The first semester of my OTD year has come to an end, here are some lessons that it taught me. Let’s get right into it!

1. This is Not The Master’s Program Anymore
As a student in the MA-II program, I became so accustomed to (and honestly, reliant on) the structure; class four days a week and one day for fieldwork. It was so consistent that when I began the OTD and my schedule became so much more flexible it was a bit of a shock. In the OTD program, you have class 1 day a week and all other time is spent engaged at your residency site. Because I spent the majority of my time providing direct patient care, I found myself having to switch my brain from “clinical to classroom” in order to be in the right headspace for group discussions and class participation. I really had to adjust to the new flow of things . . . adapt to my new roles and routines, if you will.

2. You Won’t Feel Overwhelmed Forever
Beginning a new program, moving halfway across the country, figuring out my role as the first resident at my site, studying for boards, and tending to my mental and physical health . . . it was a lot. I remember attending a residency seminar entitled, “What Have I Gotten Myself Into”, where residents currently in their final semester of the program reflected on their first semester and assured us that even though it was going to get hectic, that we would make it through. On the other side of my first semester, about three things I am absolutely sure. First, I was 100% overwhelmed during the first few months of the semester. Second, I was not alone in feeling this way. Third, that feeling does not last forever.

For me, what helped get through the days where it felt like I had too much on my plate was to remember my why. Thinking about why I began on this journey in the first place, understanding how my current responsibilities fit into the bigger picture, and most importantly, taking a deep breath and giving my best effort.

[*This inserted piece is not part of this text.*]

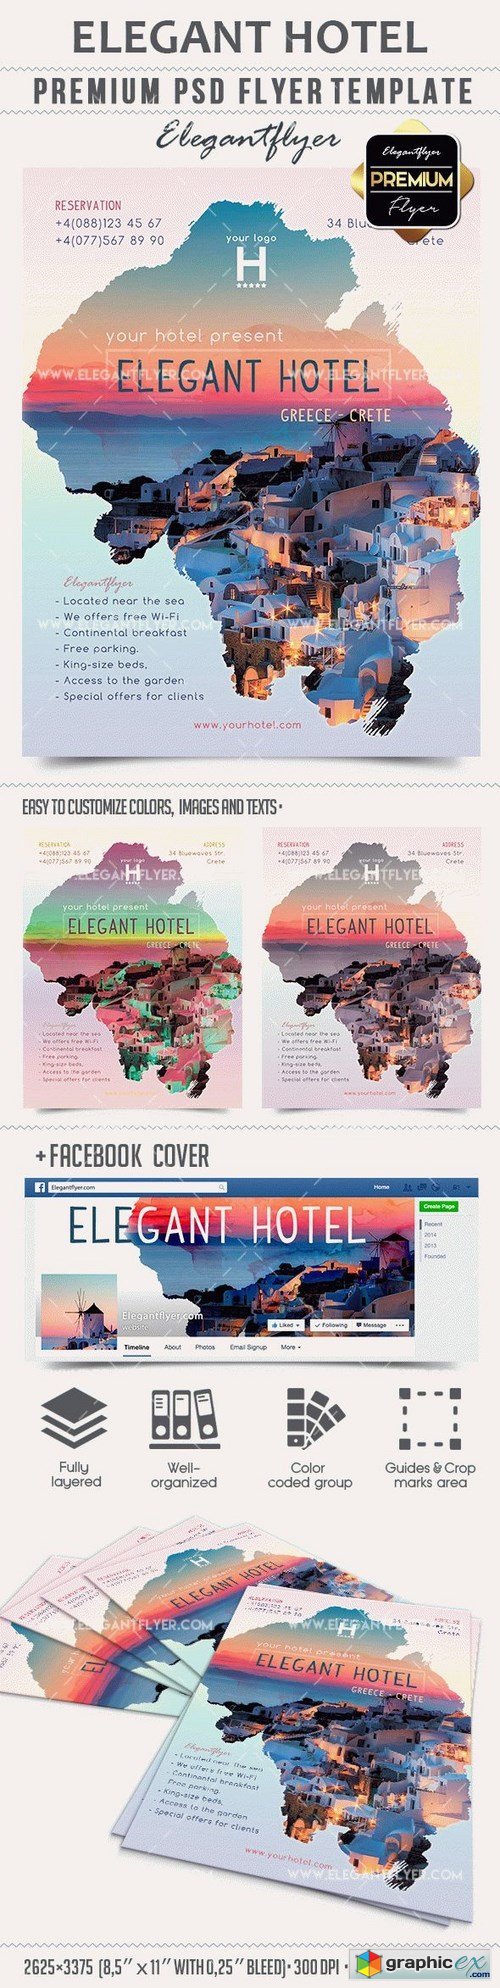 Elegant Hotel  Premium PSD Template + Facebook cover

3. Mistakes Are Going to Happen
I am no stranger to making mistakes, but over the course of this semester as I was beginning to come into my role as a new professional I, expectedly, made more than I was used to. I had to learn how to reframe my mistakes in a way that allows for growth rather than feelings of guilt and how to turn thoughts of “Why did I do that?” into, “How can I do better?” Mistakes are a part of the process of learning and I had to learn to be thankful for the new perspective I gained along the way, after all . . . perspective is everything!

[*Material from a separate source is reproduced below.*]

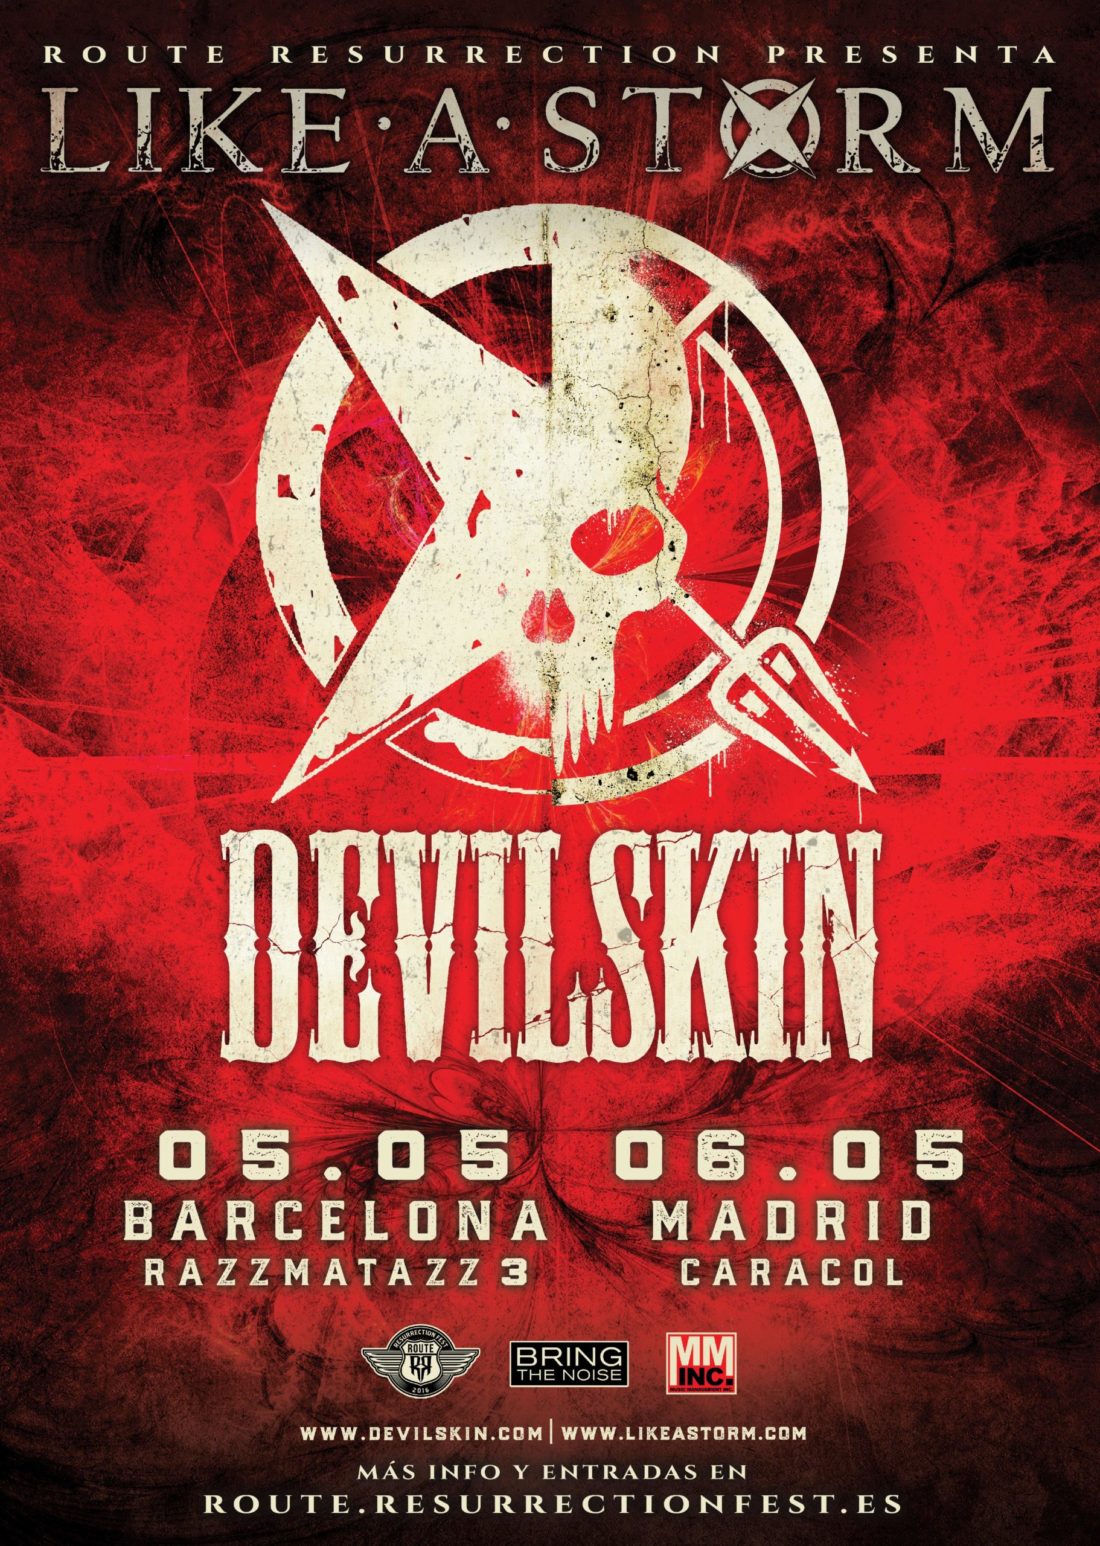 Nueva gira Route Resurrection: Like a Storm y Devilskin visitan España como cabezas de cartel

4. How To Navigate The “In Between”
As an OTD resident although you are a registered and licensed therapist, you still occupy the role of a student and mentee. This semester taught me how to embrace the duality of the unique position that we as residents are in. I was faced with having to define my role as an OTD resident, especially because my site has never had one before, and learn to be confident and accepting of changes as I encountered them. Biggest takeaway: be confident in the path you’re walking and don’t be afraid to ask for help when you’re unsure of your next step!

5. No Two Residencies Are The Same
This lesson is rather short, sweet, and to the point. Even if you share the same area of practice with another resident, no two placements are alike. Things between residencies may be different, but yours is specific to you and your interests and THAT is what matters. Remember: comparison is the thief of joy.

6. The OTD Really is What You Make It
If you have ever met with me either via office hours or one-on-one, I always harp on this sentiment. This program is what you make it, it is YOUR experience, YOUR vision, and YOUR year. For many of us, there will never be another time in our professional career when our only goal is to observe and to learn as much as we can. It is so easy to get caught up in all of the stress and responsibility (I am by no means exempt from this), that we forget to seek out and enjoy the experiences that come along with this program. This semester challenged me to not only be more mindful and present but to truly stick to the goals I set for myself to make sure that I am taking full advantage of the opportunity in front of me.

As this semester, and year, come to an end I can’t help but look forward to all of the experiences and new knowledge that 2022 holds. More importantly, I can’t wait to share them all with you. Happy Holidays!